Based on the above and assuming a completion date of September 30, 2005 for purposes of the pro forma presentation (incorporating the purchase price information determined as of December 3, 2005 when the merger was completed), the per share consideration for the Amegy shares is $23.88, resulting in 25,125,623 Amegy shares being exchanged for cash. Using a calculated exchange ratio of 0.3136, the number of Zions shares issued for the remaining Amegy shares is 14,351,115. The value of the exchanged Amegy stock options and restricted stock grants (net of the value of nonvested shares) is estimated at $60.2 million. Total consideration amounts to approximately $1.75 billion. The accompanying unaudited pro forma condensed combined financial statements reflect the issuance of $600 million in subordinated debt by Zions to finance the cash portion of the purchase price.
The merger is accounted for using the purchase method of accounting; accordingly, Zions’ cost to acquire Amegy is allocated to the assets and liabilities of Amegy based on their respective fair values on the date the merger is completed.
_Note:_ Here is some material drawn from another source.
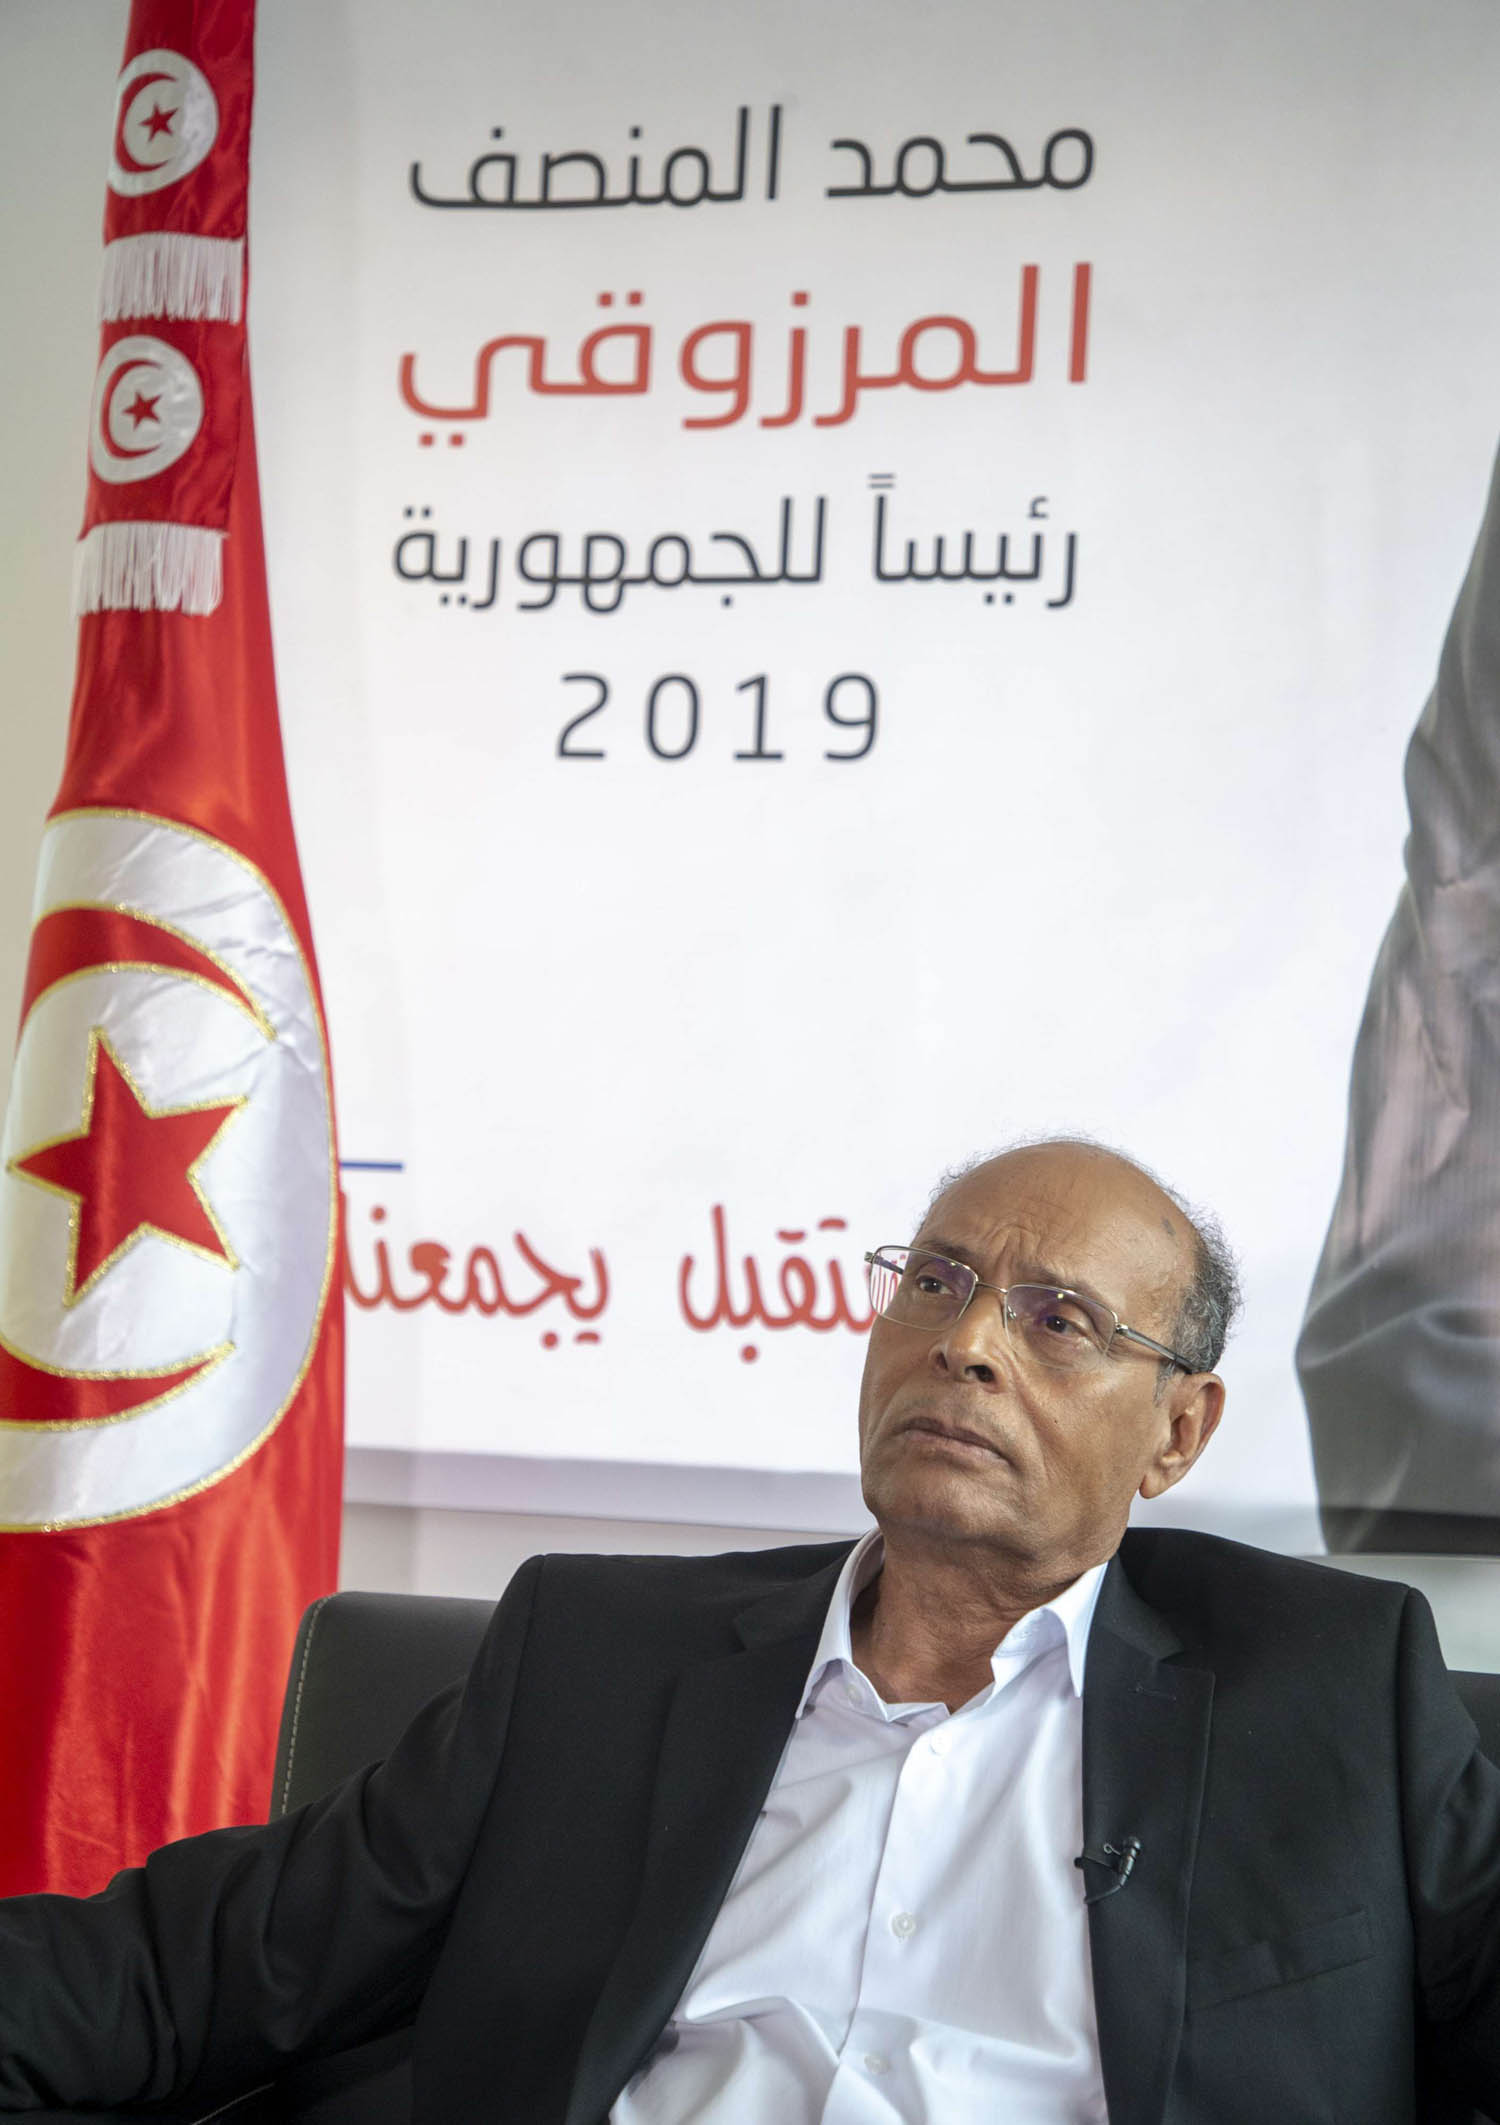 الرئيس التونسي الأسبق المنصف المرزوقي خلال حملته الرئاسية

The unaudited pro forma condensed combined financial information includes estimated adjustments to record the assets and liabilities of Amegy at their respective fair values and represents management’s estimates based on available information. The pro forma adjustments included herein may be revised as additional information becomes available and as additional analyses are performed. The final allocation of the purchase price will be determined after the merger is completed and after completion of a final analysis to determine the fair values of Amegy’s tangible and identifiable intangible assets and liabilities as of the date the merger is completed. Accordingly, the final purchase accounting adjustments may be different from the pro forma adjustments presented in this document. Increases or decreases in the fair value of the net assets, commitments, executory contracts, and other items of Amegy as compared to the information shown in this document may change the amount of the purchase price allocated to goodwill and other assets and liabilities and may impact the statement of income due to adjustments in yield and/or amortization of the adjusted assets or liabilities.
The unaudited pro forma condensed combined financial information presented in this document does not necessarily indicate the results of operations or the combined financial position that would have resulted had the merger been completed at the beginning of the applicable period presented, nor is it indicative of the results of operations in future periods or the future financial position of the combined company.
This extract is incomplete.